Scientific classification
- Kingdom: Animalia
- Phylum: Chordata
- Class: Actinopterygii
- Order: Perciformes
- Family: Epinephelidae
- Genus: Plectropomus
- Species: P. areolatus
- Binomial name: Plectropomus areolatus Rüppell, 1830
- Synonyms: Plectropoma areolatum Rüppell, 1830; Plectropomus areolatum Rüppell, 1830; Plectropomus trancatus Fowler & Bean, 1930; Plectropomus truncatus Fowler & Bean, 1930;

= Squaretail coral grouper =

- Genus: Plectropomus
- Species: areolatus
- Authority: Rüppell, 1830
- Conservation status: VU
- Synonyms: Plectropoma areolatum, Rüppell, 1830, Plectropomus areolatum, Rüppell, 1830, Plectropomus trancatus, Fowler & Bean, 1930, Plectropomus truncatus, Fowler & Bean, 1930

Species of fish

The squaretail coral grouper (Plectropomus areolatus) is a species of marine ray-finned fish. It is a grouper from the subfamily Epinephelinae, which is part of the family Serranidae. This family also includes anthias and sea basses.
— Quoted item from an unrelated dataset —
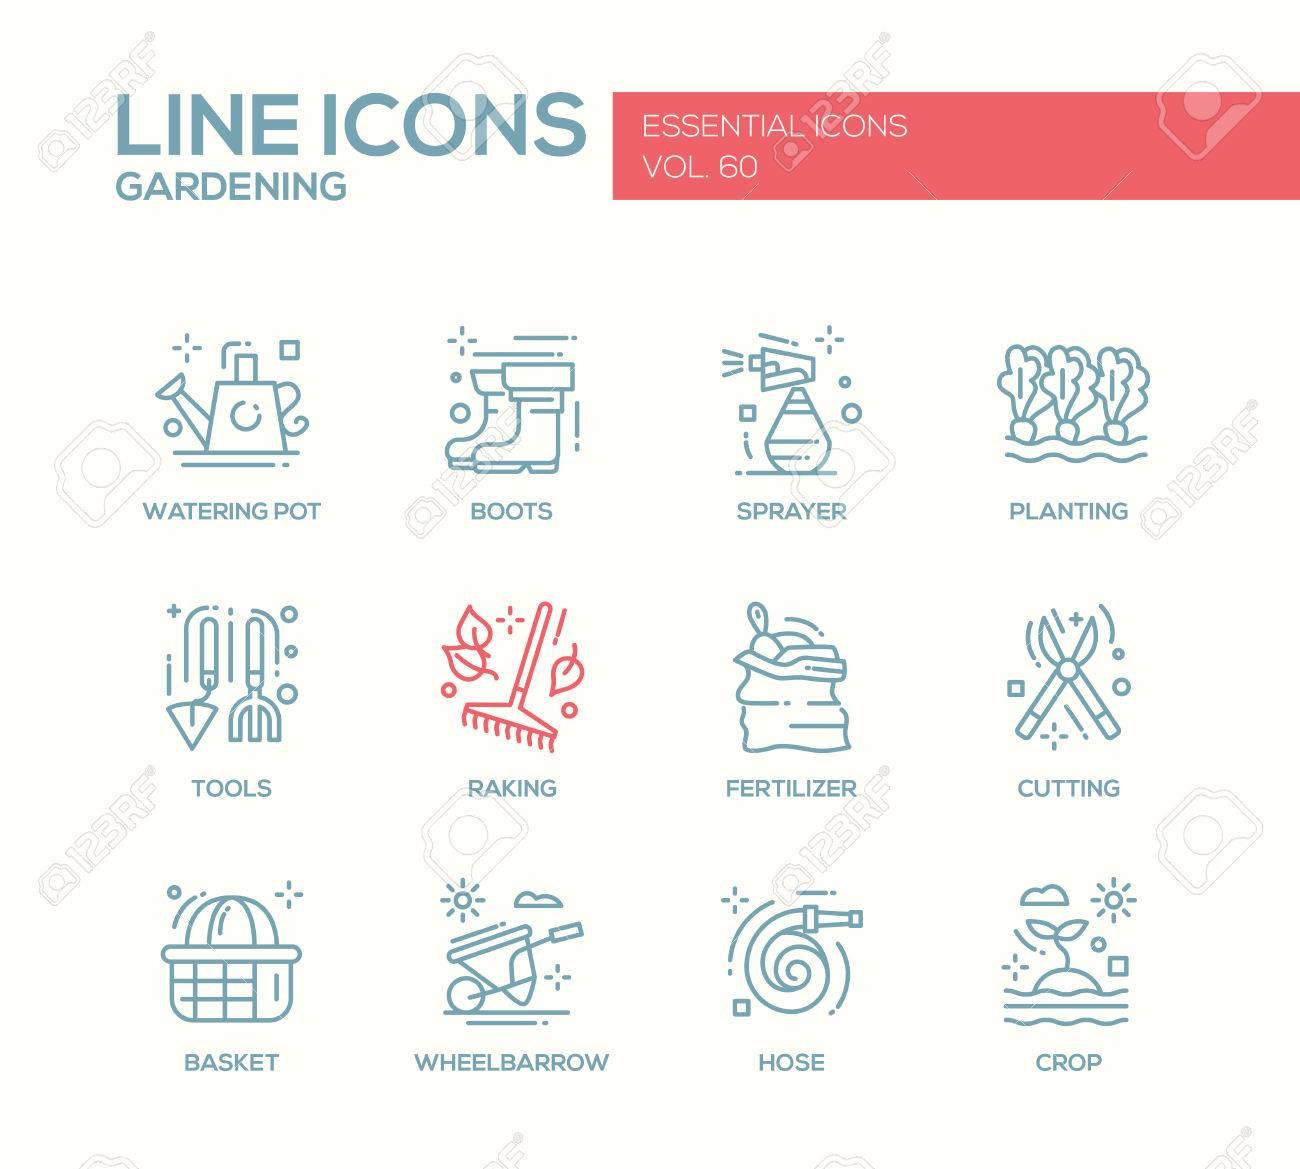 Jardinage - Vecteur Moderne Ligne Simple Icônes Du Design Et Des ...

The squaretail coral grouper is also known as the spotted coral trout or the squaretail coral trout, and is fast-growing, short-lived, and early-maturing. However, due to the continued decrease in its population, it is now classified as vulnerable, as it continues to face threats from human activity.

== Description ==
The squaretail coral grouper has a long body. At first maturity, it is around 36.65 cm long and weighs around 771.2 grams, but it can grow to a maximum length of 80 cm, with the female fish usually larger in length. It is characterized by having 7 to 8 dorsal spines and 10 to 12 soft rays, while the anal fin has 3 spines and 8 soft rays. It has 1 to 4 canines on the upper jaw. The caudal fin (tail) is truncated, ending in a vertical edge, which gives this fish its name. There are also a variety of possible colors that the squaretail coral grouper can exhibit, ranging from a whitish gray color with dark spots to a greenish-gray or a red and brown pattern. Its fins are dark brown in color.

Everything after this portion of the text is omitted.